Thursday, February 19, 2009

Hello World.


After many years of failed attempts at journaling, I decided to try again. It has always been my goal to record my thoughts daily so I will have something to read over later in life but thus far I haven't been very consistent. I have boxes of half filled journals from various moments in time. However, since I type much more quickly than I write by hand, perhaps a modern form of journaling will be easier to keep up with.

In addition to basic journaling, I hope to record my ups and downs as I move on to the new career of a professional homemaker. I am very excited about staying home full time and taking care of my house and husband, but I do worry a bit that the days will all begin to blend together and soon I will look back on a year and wonder what I accomplished. At least this way I will have a record of the small triumphs and minor catastrophes in day to day housewife life.

So, what brought me to this point? (This is something I always feel like I must cover when I first start a new journal. Bear with me. It might get a bit long.)
I grew up on a lovely green piece of property in northwest Washington state. My parents were happily married and joyfully welcomed me as their first child. They were a bit surprised however, to discover that I deviated from the family tradition of brown hair and instead had "peach fuzz" (red hair). After several idyllic years I was blessed with a little brother, then tragedy struck and my father passed away due to a brain tumor. Although heartbroken, my mother carried on and did a fabulous job as a single parent. She is truly an amazing woman.

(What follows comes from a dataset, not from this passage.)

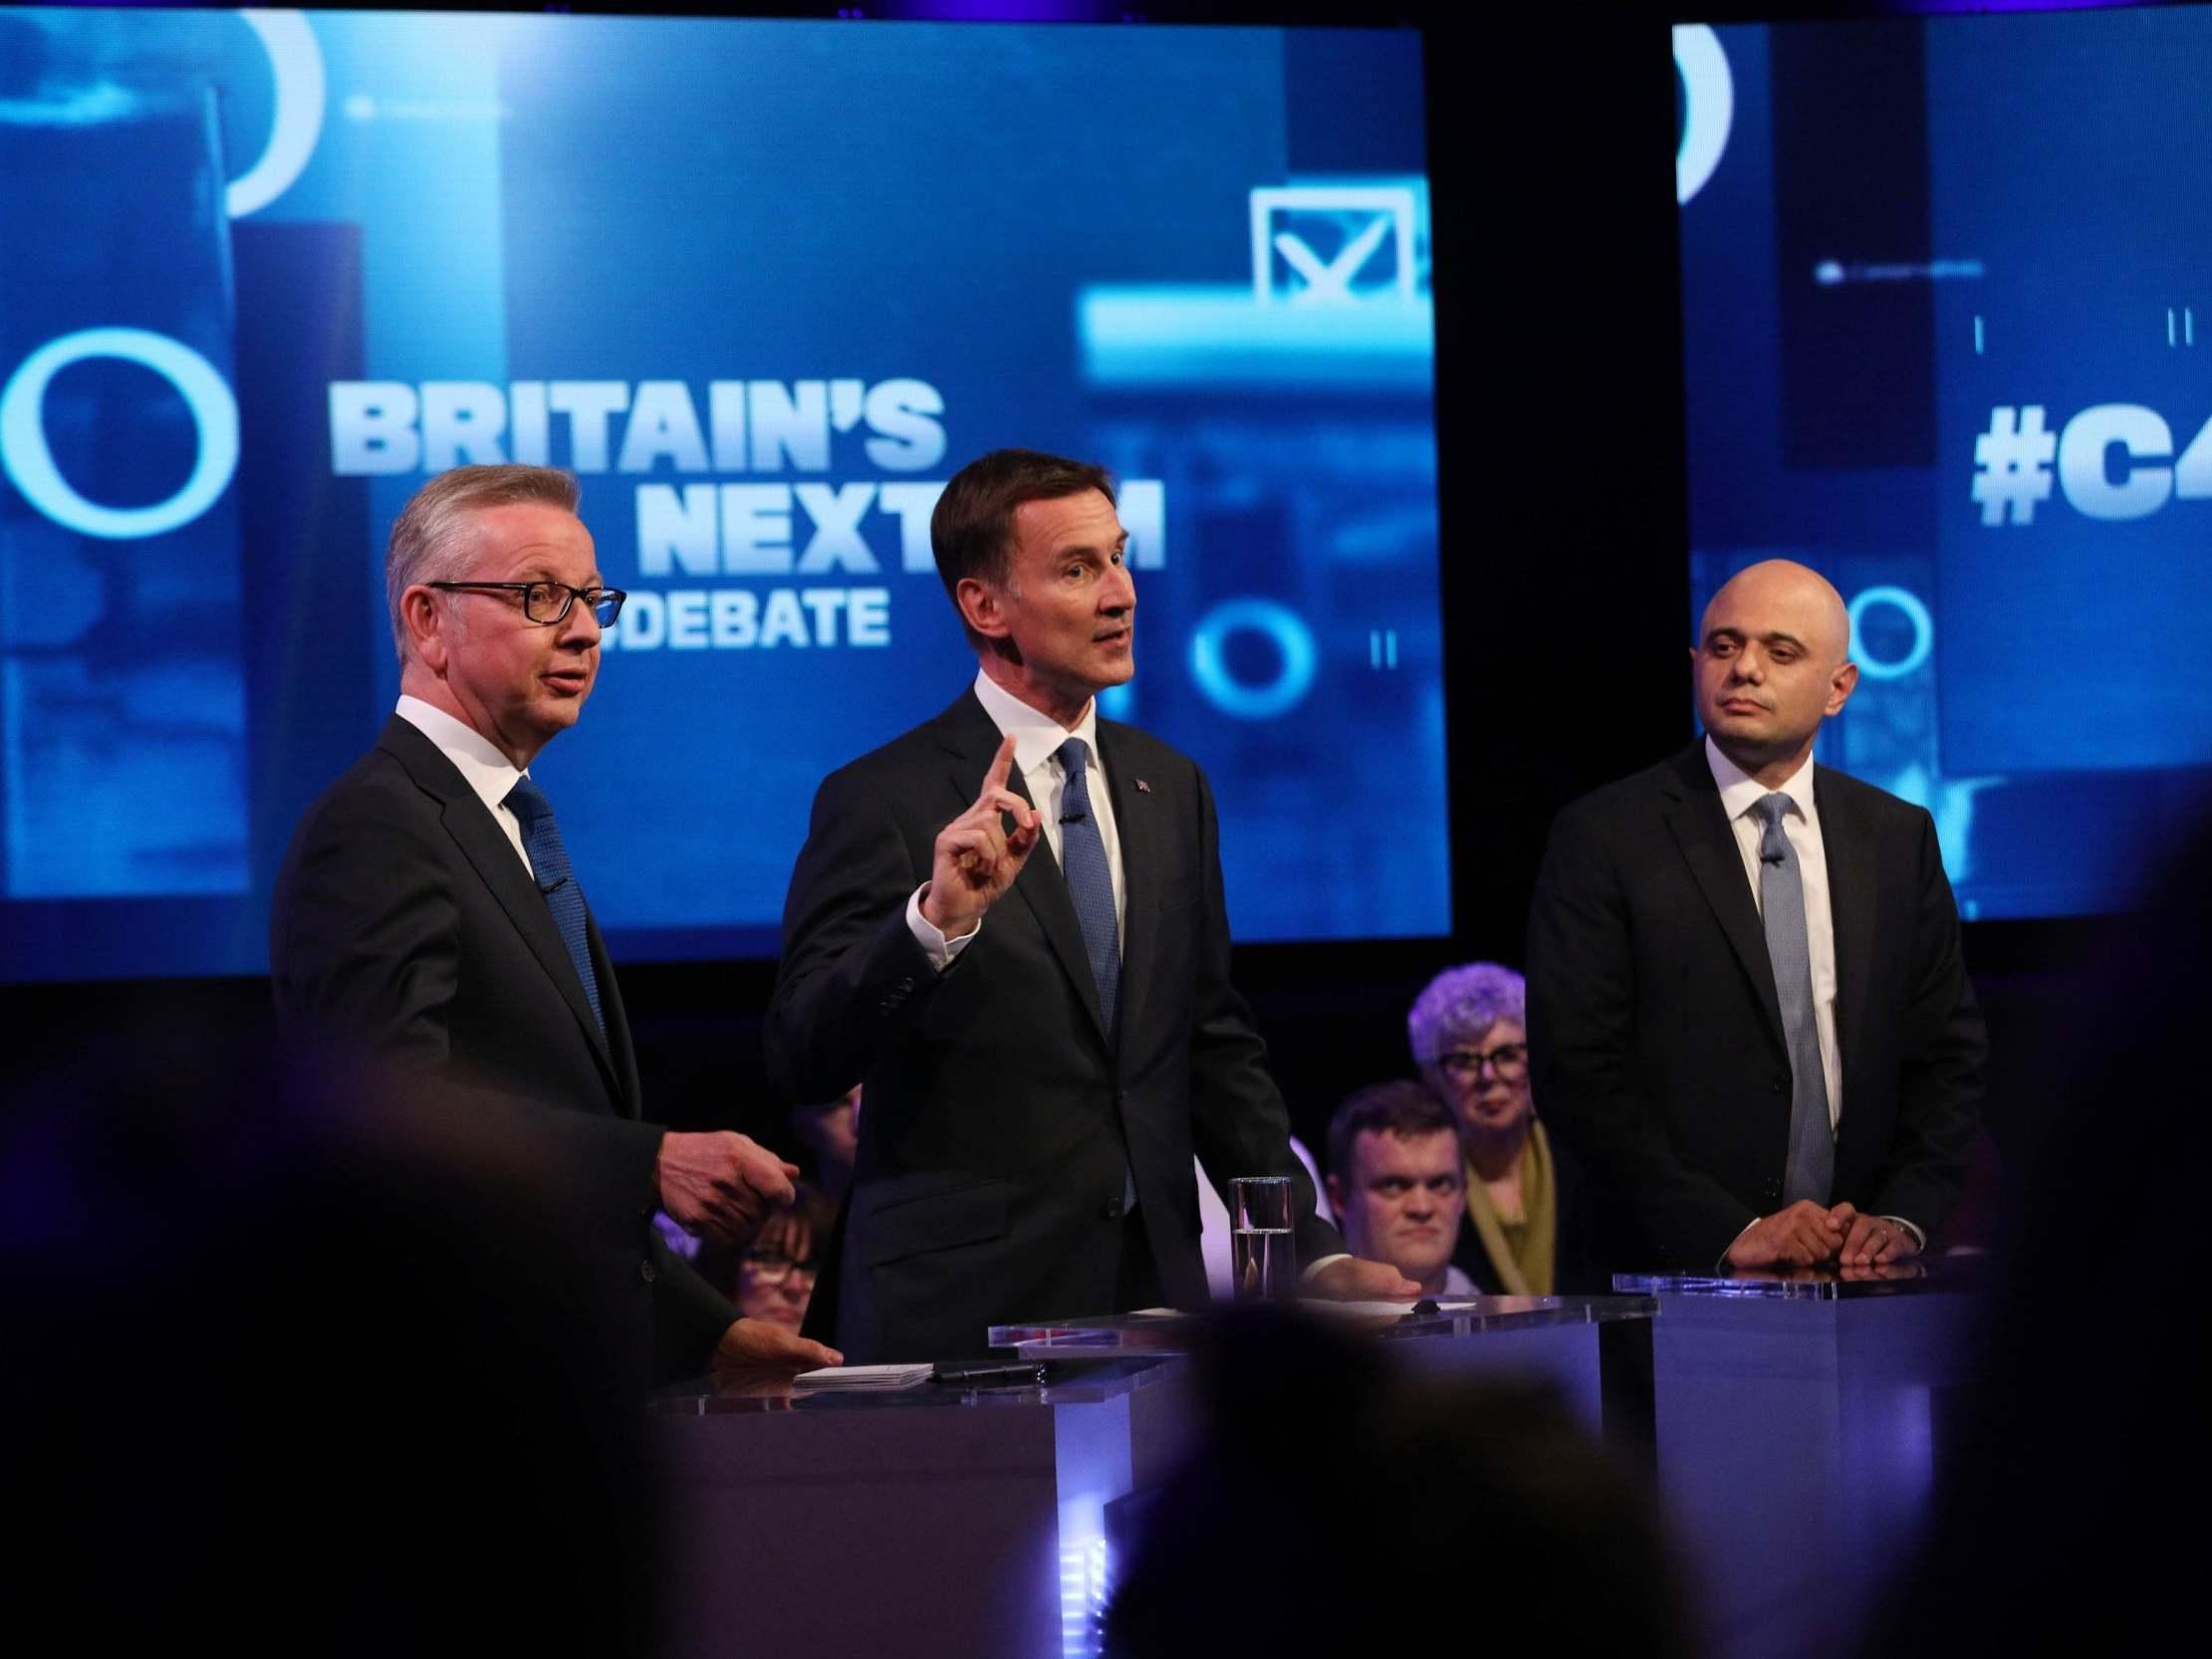 Tory leadership debate: Jeremy Hunt attacks Boris Johnson for skipping TV hustings

As a child, I enjoyed school and learning. Anne of Green Gables was my favorite book and I loved playing outside in the woods. In high school I continued to study hard and spent many hours participating in choir and drama. Through some luck I was able to attend a summer fine arts camp in Alaska and because of that experience I ended up attending The Seattle Conservatory of Music on the weekends my junior year. I had taken voice lessons for a few years but at that point I became much more serious. I had got it into my head that I should become an opera singer - even though I had never seen an opera. At the end of my junior year, discouraged by driving an hour and a half to Seattle each weekend, I applied and was accepted to Interlochen Arts Academy.

I spent my senior year of high school out in the woods in Michigan living in a depressingly concrete building next to a beautiful lake. I had both academic and musical classes and learned that I didn't like singing well enough to pursue it full time. I also learned that it is hard for me to live in a dorm that is full of passionate artists. With all that passion around, my love of singing didn't seem very persuasive. So, instead of applying to conservatories as all my neighbors were, I applied to a variety of colleges and universities and ended up at Tufts University in Boston.

At Tufts I did a bit of singing, however, an allergy to some mold growing in the very old and scary music building gave me a six month case of laryngitis so I gave up singing by my second year. Instead, I focused all of my energies on my other love - molecular biology. My high school biology teacher was excellent and from her I learned to love DNA, cells, and PCR. I took as many biology courses as I could and worked part time in a yeast lab on campus studying the affects of various proteins on the fragility and stability of a tract of DNA associated with Huntington's disease. It was a fabulous experience and was one of the happiest times of my life. Yeast really are amazing creatures! However, by the end of my second year I was tired of the cold Boston winters, I couldn't find affordable housing for my junior year, and I was just a half unit course away from completing the requirements for my biology degree.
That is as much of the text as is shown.